Russell_in_1938

Bertrand Russell is considered one of the greatest polymaths of the first part of the 20th century. He was a renowned logician, mathematician, historian, writer and philosopher. His writing won him the 1950 Nobel Prize in Literature.

He enjoyed all kinds of success later in life, however early in life he was not happy and even contemplated suicide. His life was not turning out the way he wanted, his parents and siblings died when he was a small boy and he was raised in a very strict manner by his other relatives.

In his book, “The Conquest of Happiness”, he describes his childhood in this way:

I was not born happy. As a child, my favorite hymn was: “Weary of earth and laden with my sin”. In adolescence, I hated life and was continually on the verge of suicide, from which, however, I was restrained by the desire to know more mathematics.”
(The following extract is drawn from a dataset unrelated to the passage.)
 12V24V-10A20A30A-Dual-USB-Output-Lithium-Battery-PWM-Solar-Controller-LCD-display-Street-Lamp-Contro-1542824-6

He managed to pull through and to become happy. He learned how to turn negative thoughts into positive ones and how to focus his attention on things that brought him joy.
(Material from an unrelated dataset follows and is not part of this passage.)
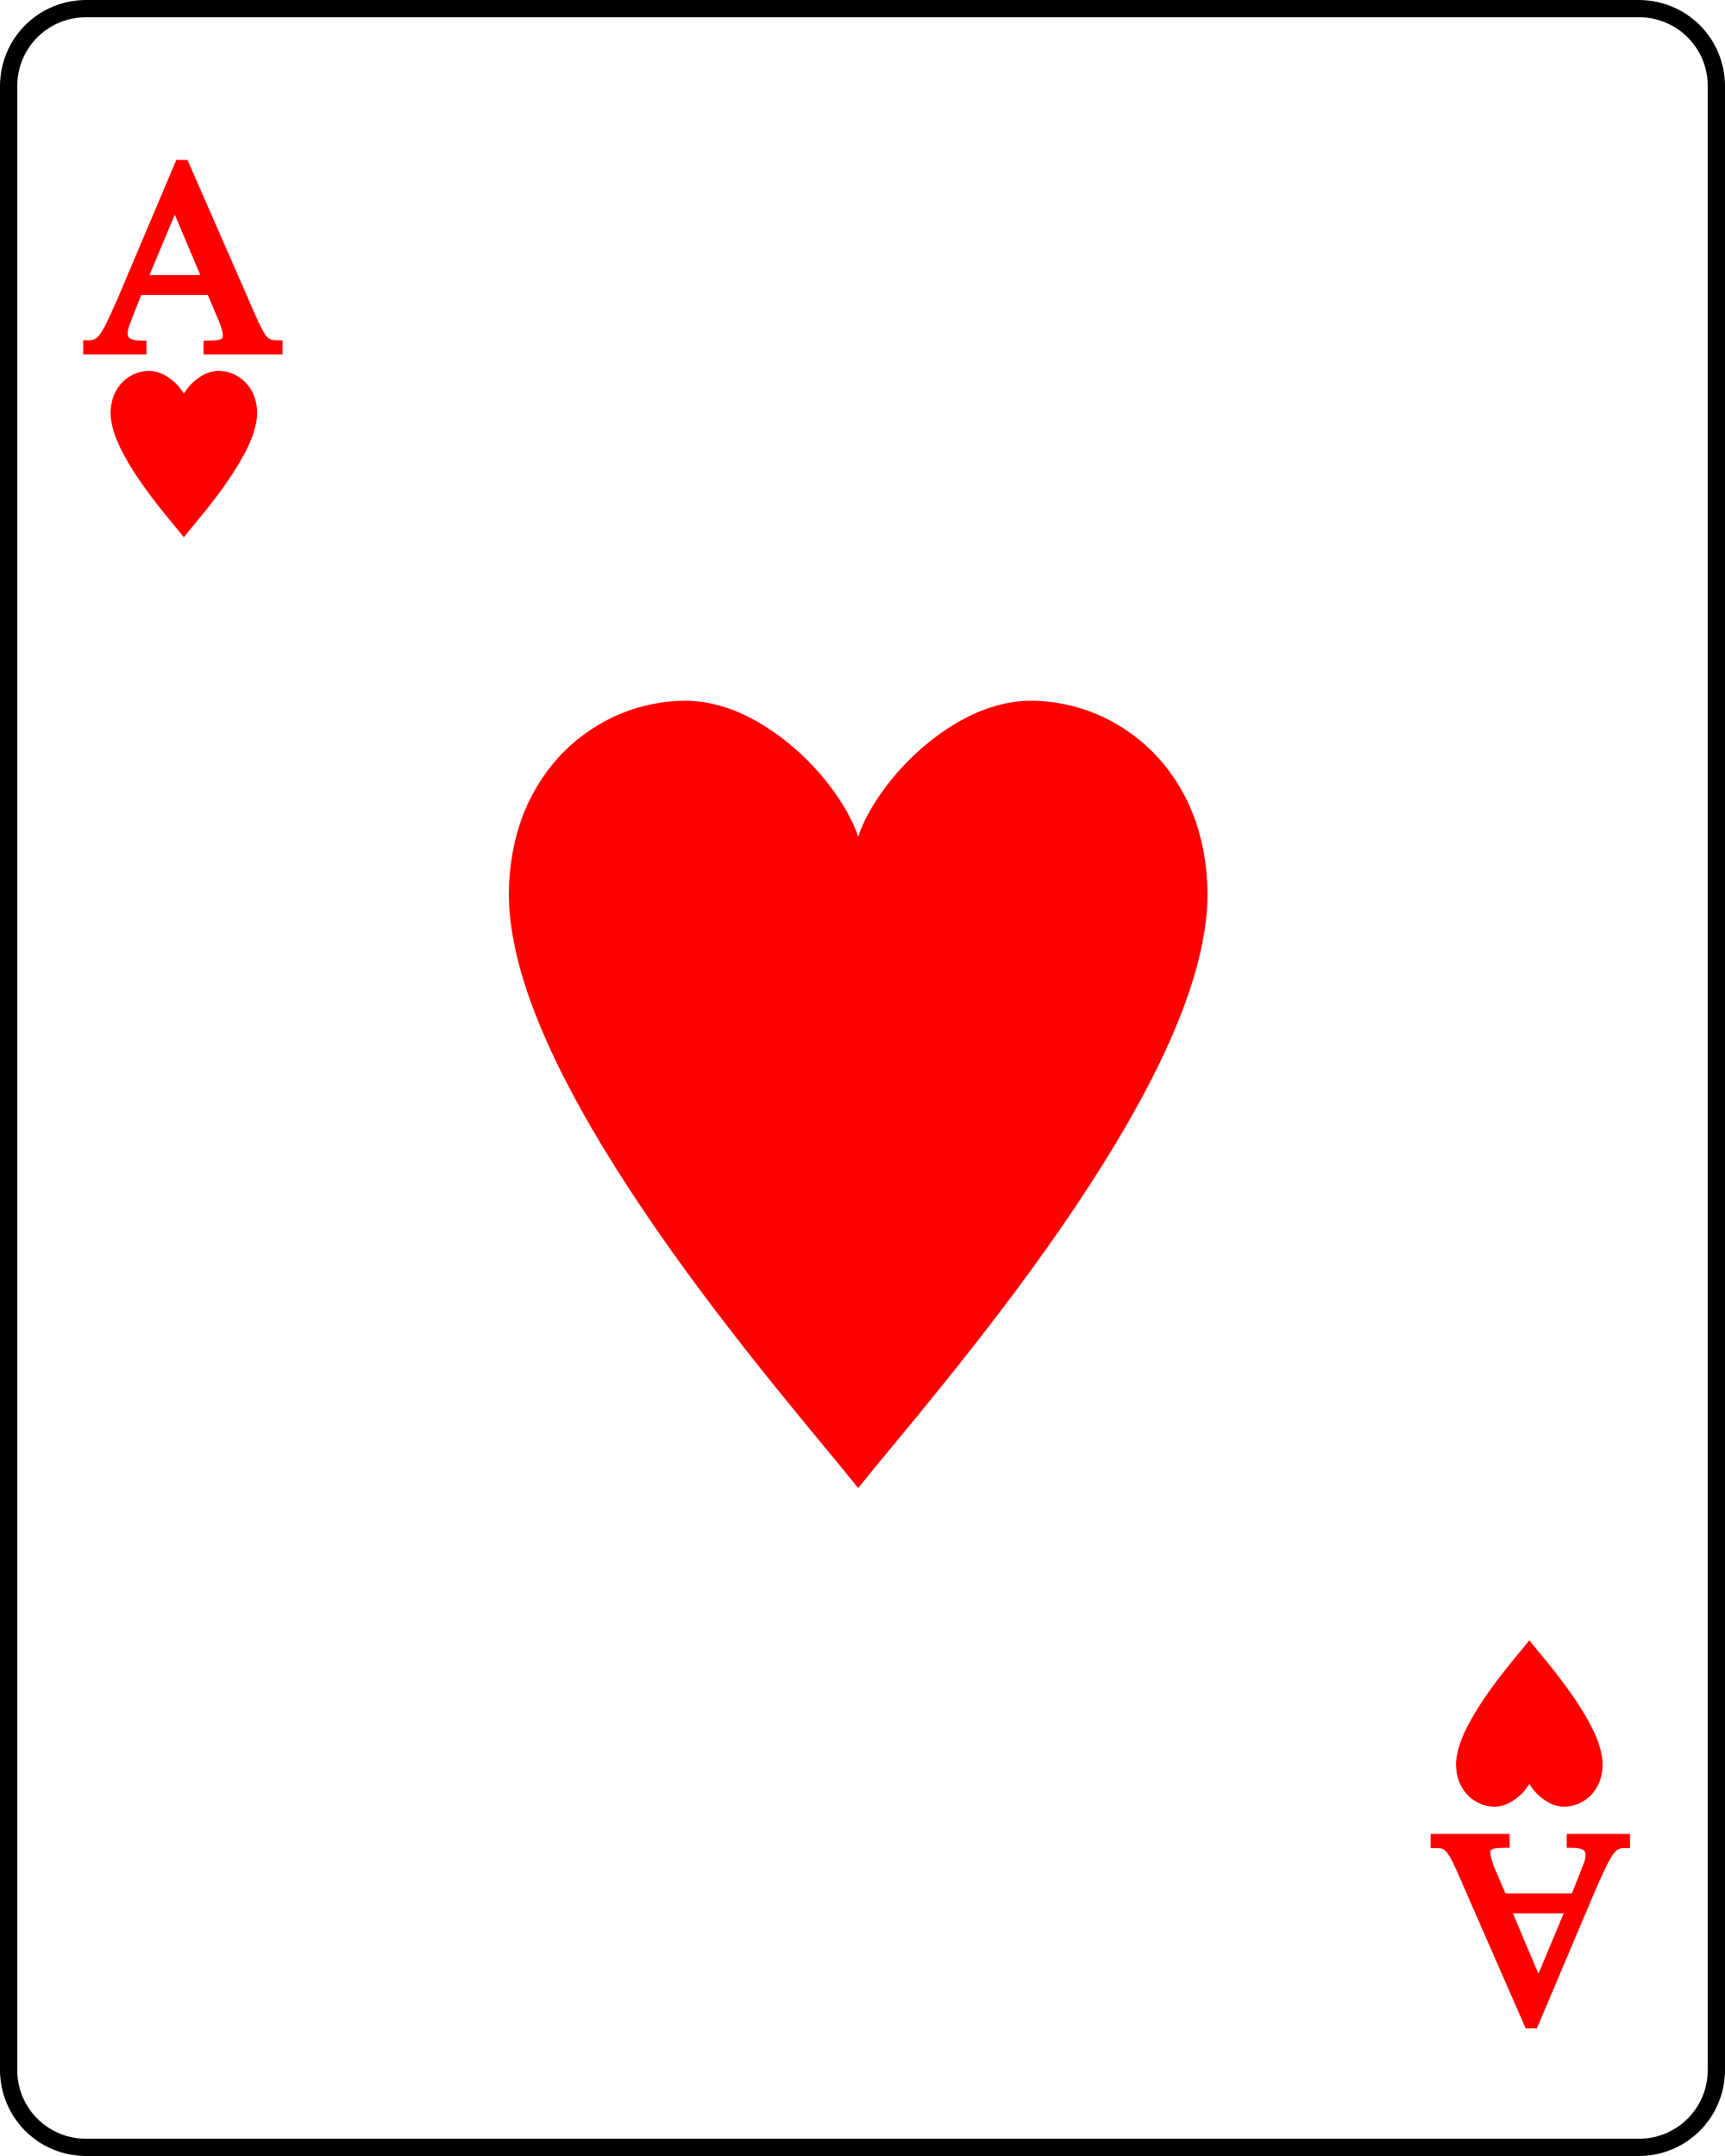 File:Playing card heart A.svg

“Now, on the contrary, I enjoy life; I might almost say that with every year that passes I enjoy it more. Very largely it is due to a diminishing preoccupation with myself. Like others who had a Puritan education, I had the habit of meditating on my sins, follies, and shortcomings. I seemed to myself-no doubt justly-a miserable specimen. Gradually I learned to be indifferent to myself and my deficiencies; I came to center my attention increasingly upon external objects: the state of the world, various branches of knowledge, individuals for whom I felt affection.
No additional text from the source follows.